Tuesday, November 15, 2011

I have a new set of wheels!

Click on image to enlarge

It's a big moment when you get to sit in your creation and and make engine noises! But let's back up and see how I got here.

Once the gear was in place, it was time to assemble the wheels, axles, brakes and wheel pant bracket. I bought everything shown in the pictures below from Great Plains Aircraft Supply. I had drilled the 4 mounting holes months ago. The caliper housing comes to you fresh from the casting mold and needs to be "machined" to allow the calipers to fit inside snugly, but able to slide side to side nicely with out binding. You just use a combination of files and sanding tubes to slowly remove just the right amount of material to get the fit you want.

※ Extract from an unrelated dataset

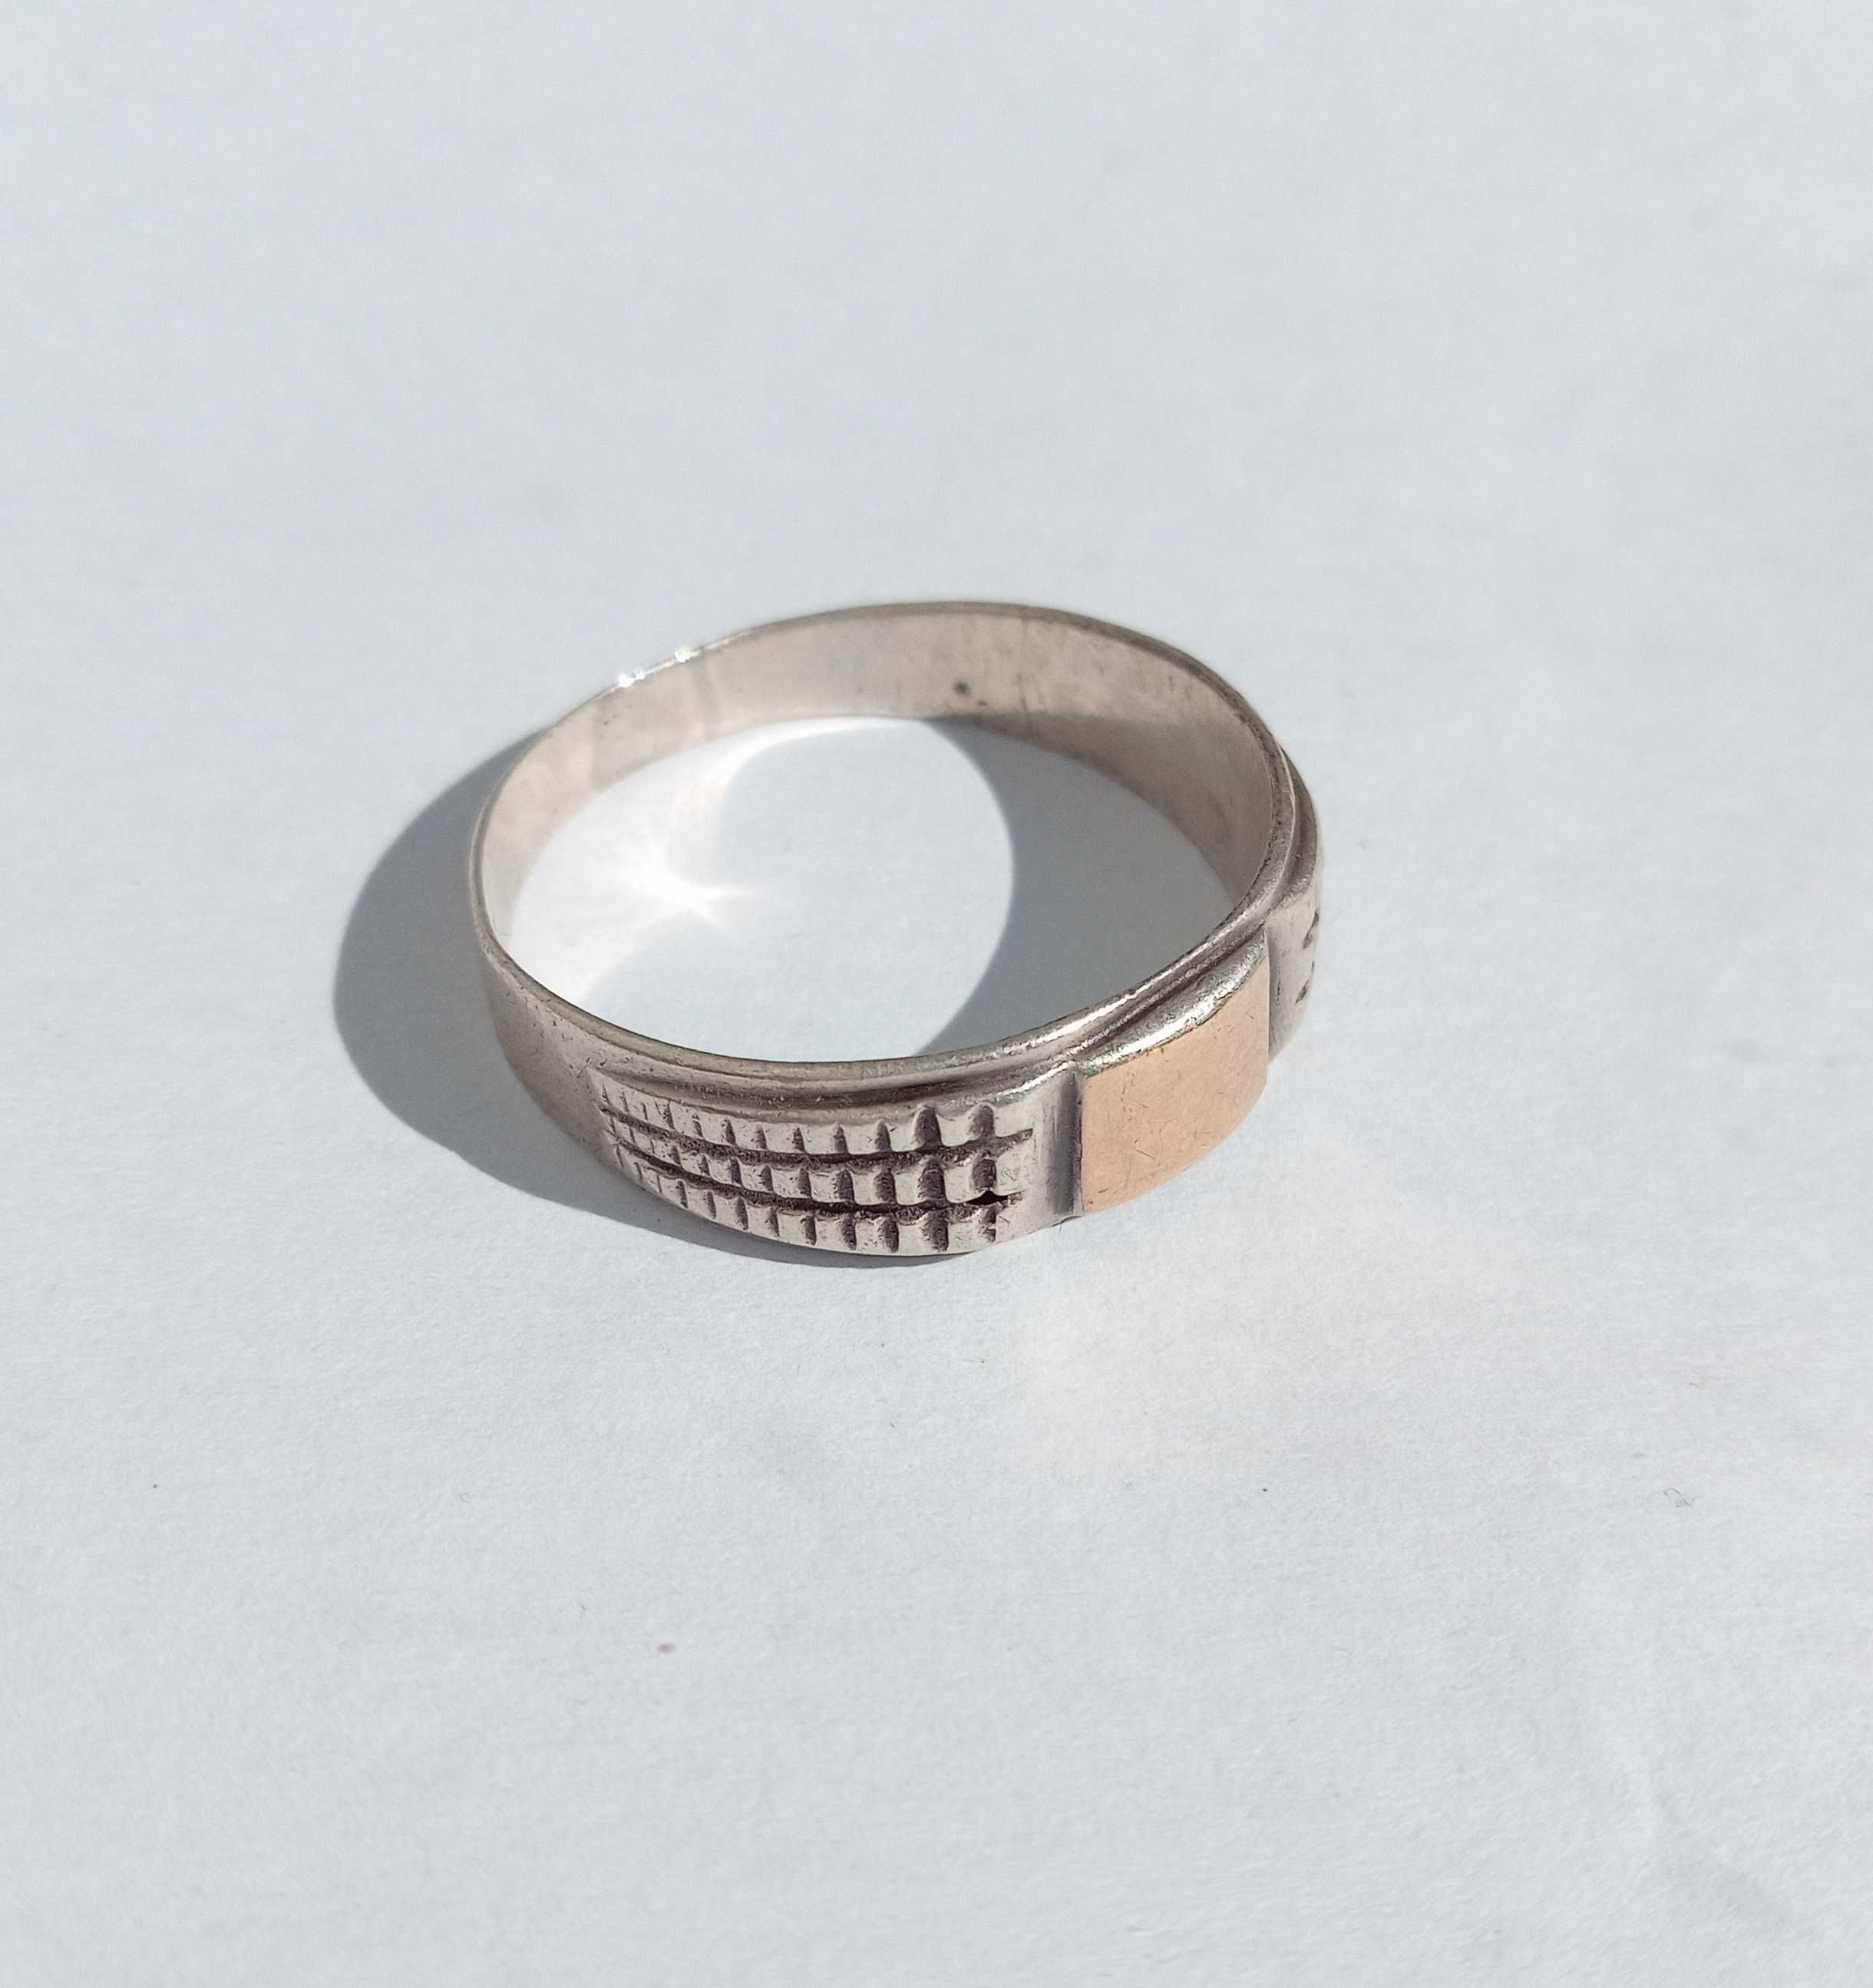 Кольцо, перстень срібло, золото. Вага 3,4 г. Розмір 21

My axles had a "knob" on the back side of the mounting plate the same diameter as the axle. This is used in other installations, but not on the CX4. You have to grind this "knob" off to make the back side of the axle mounting plate completely flush. I didn't take a photo of this, but you'll figure it out if your axles come with the "knob".

There is a lot of assembly and dis-assembly in this process. You have to create a spacer to keep the wheel the correct distance away from the mounting bolts so as not to rub them on the brake disk. I used a piece of PVC tubing to cut a sample spacer until I found the distance I liked. My spacers were 1.75" long and I made them from .759" ID 4130 steel tubing. I would say this gave me a clearance of approximately 1/8".

Once you have everything the way you want them, you disassemble everything so you can pack the wheel bearings with grease. When you are done with that, you reassemble everything and mark a dot on the axle threads where you want to drill a cotter pin hole to hold the castle nut in place. I was told to only hand tighten the castle nut. Over tightening doesn't allow the wheel to rotate freely.

Also in the photos you can see the piece of aluminum where the wheel pants will be attached later. I used the pattern from the plans and found I had to modify them slightly to fit around my brake assembly. No big deal though.

Next I finished installing the tail wheel. When you tighten the forward bolt it will dent the bottom fuselage skin slightly. This is normal according to Dave Thatcher. I spent an afternoon trying to figure a way to avoid the dent, but the solution eluded me. Mine will have the dent like Dave's does. It is so minor that when you turn it over you don't know it's there.

Now it was time to turn it over! My son was the first to sit in it and he liked it. Then it was my turn. Here is where I get to caution the rest of you. It is best not to put too much weight on the seat area until you have attached the side panels. Why you ask? Because when I stepped on to the spar with one foot I heard a loud bang! I took my foot off and looked around and everything seemed to be in place. So I tried again. This time when I place my second foot on the spar I heard another loud bang! I step off and looked around. I still didn't see anything wrong. So I tried again to get in and this time there were no annoying sounds, but when I sat down and look forward, I could see that the single rivet at the top of each F5 bulkhead had popped free from the top longeron. I decided I needed to go on a diet.

I got out and found my two long wood clamps and pulled the lower and upper longerons together and drilled out and replaced the two rivets. I used longer rivets as well. I'll have to wait until the side skins have been installed to make engine noises again.

I have started installing the forward floor ribs so that will be my next update.